[PAST EVENT] Xin Ruan - Dissertation Defense, Computer Science

October 10, 2016
10am - 12pm
Location
McGlothlin-Street Hall, Room 002
251 Jamestown Rd
Williamsburg, VA 23185Map this location

Abstract:
With billions of users, Online Social Networks (OSNs) are amongst the largest scale communication applications on the Internet. OSNs enable users to easily access news from local and world-wide, as well as share information publicly and interact with friends. On the negative side, OSNs are also abused by spammers to distribute ads or malicious information, such as scams, fraud, and even manipulate public political opinions. Having achieved significant commercial success with large amount of user information, OSNs do treat the security and privacy of their users seriously and provide several mechanisms to reinforce their account security and information privacy. However, the efficacy, effectiveness and security of these measures are either not thoroughly studies or in need to be improved. In sight of cyber criminals and potential privacy threats on OSNs, we focuses on the evaluations and improvements of OSN user privacy configurations, account security protection mechanisms and trending topic security in this dissertation.
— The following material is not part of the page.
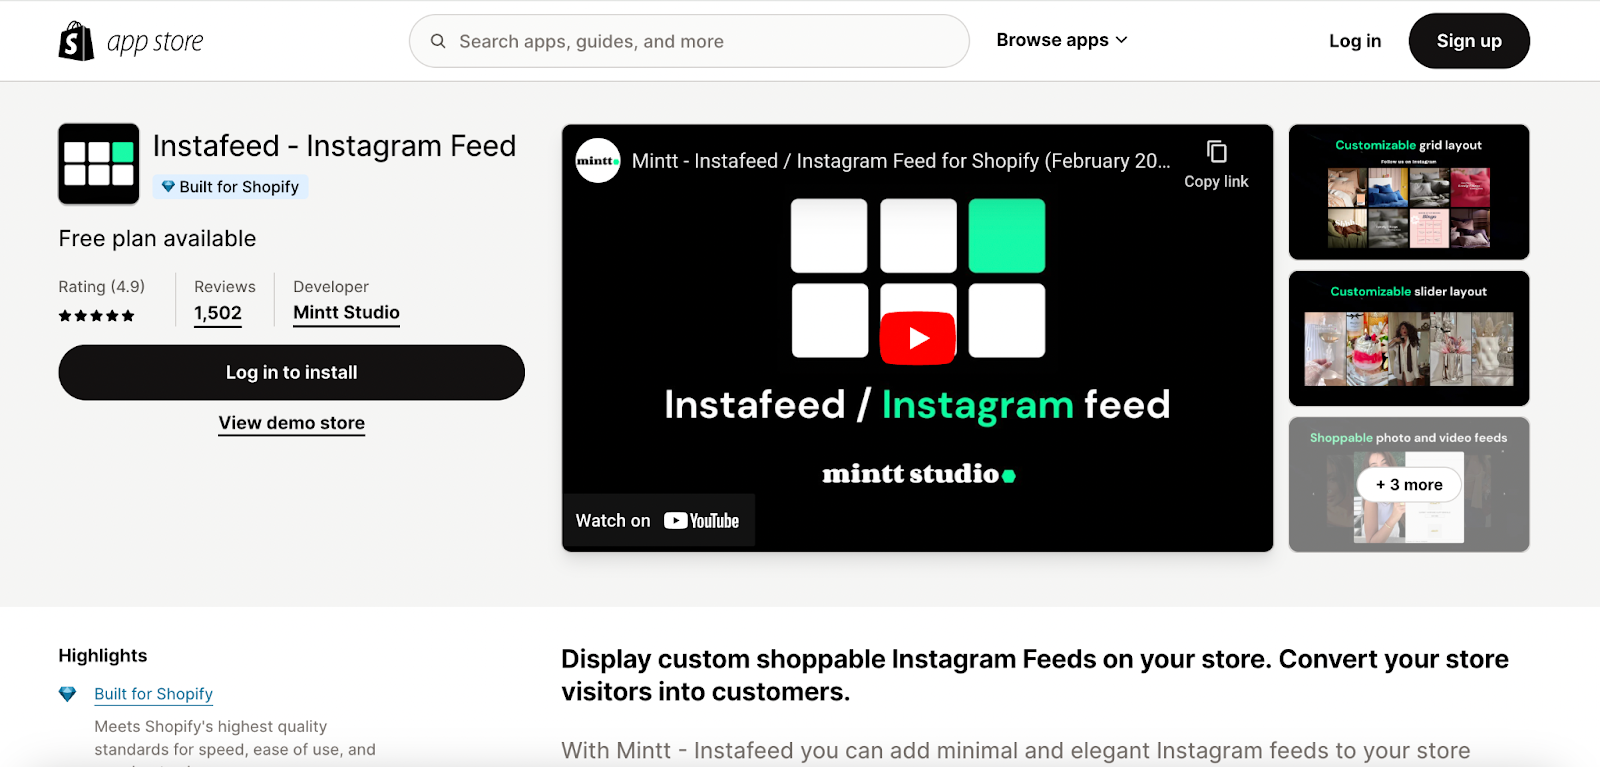 Instafeed ‑ Instagram Feed

In the first project, we examine the effectiveness of OSN privacy settings on protecting user privacy. Given each privacy configuration, we propose a corresponding scheme to reveal the target user's basic profile and connection information starting from some leaked connections on its homepage. Based on the dataset we collect on Facebook, we calculate the privacy exposure in each privacy setting type and measure the accuracy of our privacy inference schemes given different amount of public information. The evaluation results show that users' private basic profile can be inferred with high accuracy and connections can be revealed in a significant portion based on even a small number of directly leaked connections.

In the second project, we propose a behavioral-profile-based method to detect OSN user account compromisation in a timely manner. Specifically, we propose eight behavioural features to portray a user's social behaviour. A user's statistical distributions of those feature values comprise its behavioral profile. Based on the sample data we collect from Facebook, we find that each user's activities are highly likely to conform to its behavioural profile while different user's profile tend to diverge from each other, which can be employed for compromisation detection. The evaluation result shows that the more complete and accurate a user's behavioral profile can be built the more accurately compromisation can be detected.

Thirdly, we investigate the manipulation of OSN trending topics. Based on the dataset we collect from Twitter, we manifest the manipulation of trending and a suspect spamming infrastructure. We then measure how accurately the five factors (popularity, coverage, transmission, potential coverage, and reputation) can predict trending using an SVM classifier. We further study the interaction patterns between authenticated accounts and malicious accounts in trending. At last we show the threat of compromised accounts and sybil accounts to trending using simulation and discuss countermeasures against trending manipulation.

Bio:
Xin Ruan is a Ph.D. candidate in the Department of Computer Science at William & Mary. She is working with Dr. Haining Wang. Her research interests include security and privacy issues in online social networks, data analysis. Before she came to William and Mary she received her M.S. and B.S. in Computer Science from Xidian University in 2009 and 2007 respectively.